Historic church in Tennessee, United States

Clear Springs Cumberland Presbyterian Church is a historic church of the Cumberland Presbyterian denomination in McMinn County, Tennessee, about 6 mile southeast of Calhoun. The church building, which is no longer in use, is listed on the National Register of Historic Places.

The Clear Springs congregation formed in the late 1830s or early 1840s, originally calling itself Pleasant Hill Church. The "Clear Springs" name was adopted in the 1850s. Before completing its church building in 1860, the congregation conducted services in a large camp meeting shelter. The building is a single-story gable-front church with a one-room sanctuary that measures 40 ft by 28 ft. Its square wooden steeple, which has wood vents and a pyramidal roof, holds the church's original bell. The building has multi-light windows, wooden shutters, and wide board walls. When the church was in active use, it was heated by a pot-bellied stove that sat in the center of the sanctuary.

The congregation became inactive in the decades before and after World War II, although its building continued to be maintained and saw periodic use for weddings, homecomings, and other special occasions.

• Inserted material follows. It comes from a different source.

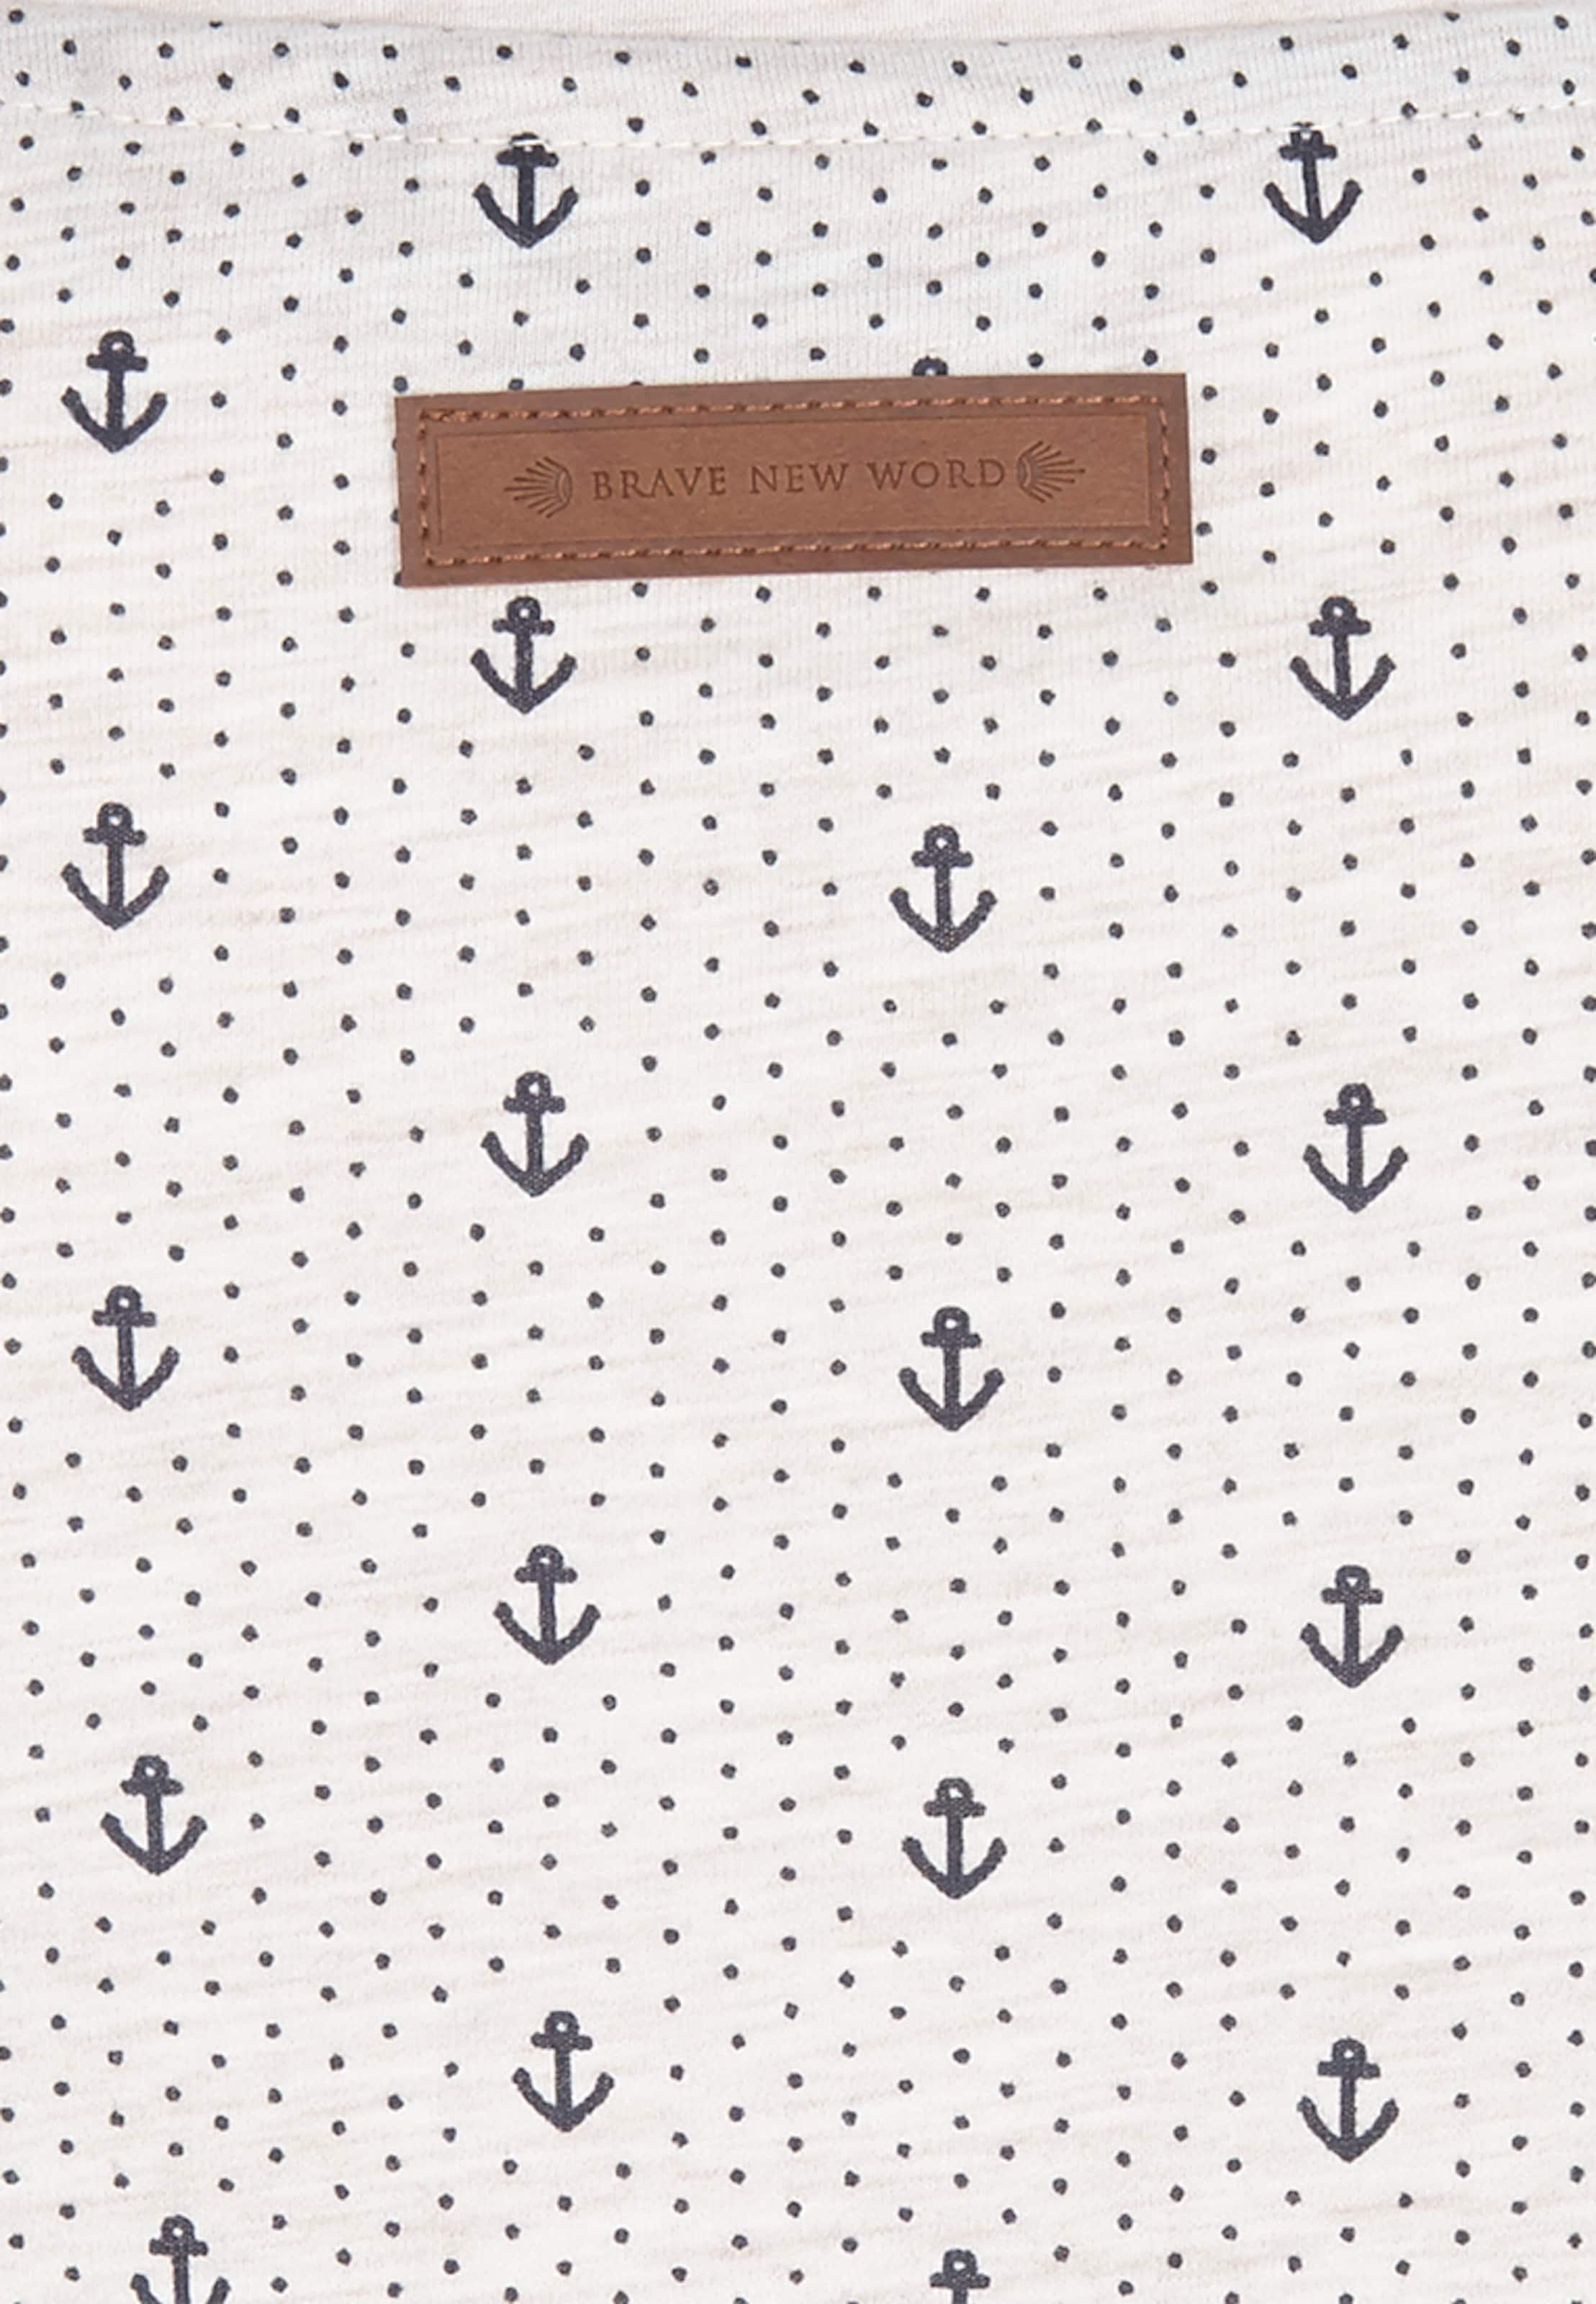 Spielraum Spielraum naketano Female Dress 'Auf Detlef caktir II' Günstig Kaufen Besuch Neu Freies Verschiffen Die Besten Preise BEyVUlLNu

In 1976, the building was taken over by the denomination's presbytery. It continues to be used occasionally for funerals and other events. The church, its cemetery, and a baptismal pool located at a spring on the church grounds were added to the National Register in 2007. Its listing recognized it as "a rare unaltered example of a modest rural church building" that typifies the characteristic "functional and unadorned style" of churches in the area.